第9魔:悋気
「これはこれは、どうぞこんなむさ苦しいところにおいでくださりました、聖女様! ボクは西方騎士団第一分隊長の、マーク・ガンギと申します! オイ誰か、お茶をお持ちせんかッ!」
「うふふ、どうかお構いなく」
坊ちゃん隊長が、手のひらが擦り切れるんじゃないかってくらい、高速揉み手で聖女ちゃんに擦り寄っている。

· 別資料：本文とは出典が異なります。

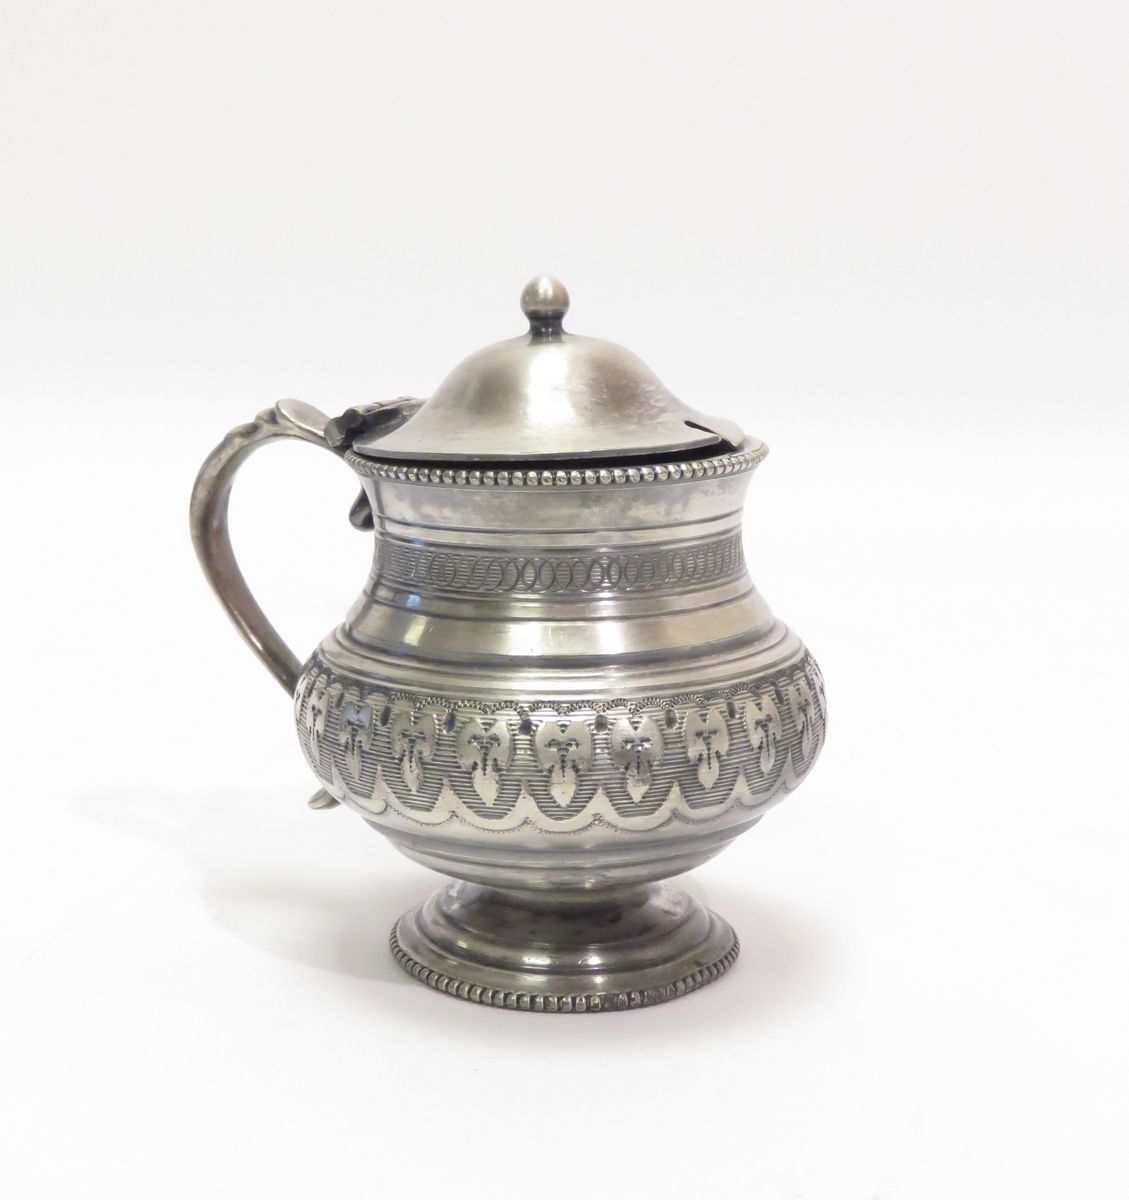 Null Pewter mustard pot (receptacle missing). 9 x 9.5 cm. As is.

まあ、聖女ちゃんはこの国じゃ王族に継ぐ権力を持ってるからな。
権力しかアイデンティティがない坊ちゃん隊長は、自分より権力が上の人間には、とことん弱いってわけだ。
「お元気そうで何よりですわ、マリィ様」
「――!」
聖女ちゃんはアタシに向かってニッコリと微笑んだ。
ハッ、そうか、目的はアタシかよ。
「ああ、どっかの誰かさんがボンクラな婚約者を寝取ってくれたお陰で、メンドクセー王妃教育から解放されてせいせいしてるぜ」
「うふふ」
「き、貴様ッ!? 無礼だぞ、聖女様に向かって! 部下が大変な失礼をいたしました聖女様! 何分今日から配属になったもので、まだ教育が行き届いておらず……」
「うふふ、どうかお気になさらないでください。私は本当に、気にしてはおりませんわ」
「おお、寛大なお心に感謝いたします!」
何この茶番?
「オイ、間近で見ると、とんでもねー美人だな」
「ああ、それに見ろよあの牛みたいな胸。かぁ~、挟まれて~」
早速第一分隊の男どもが色めき立ってやがる。
フン、男って生き物は、ホントこの手の女に弱いんだな。
「そ、それで聖女様、本日はどういった御用でしょうか?」
「うふふ、過酷な現場で働くみなさまを慰問するのも、聖女の大事な務めの一つです。ささやかながら祈りを捧げさせていただければと思い、馳せ参じた次第でございます」
「なんと!? ああ、ありがとうございます! ありがとうございます!」
嘘つけ、ただアタシをいびりに来ただけだぞ。
まったく、婚約者を寝取っただけじゃ飽き足らず、追い打ちまでかけてこようとするたぁ、随分イイ性格してる聖女様だぜ。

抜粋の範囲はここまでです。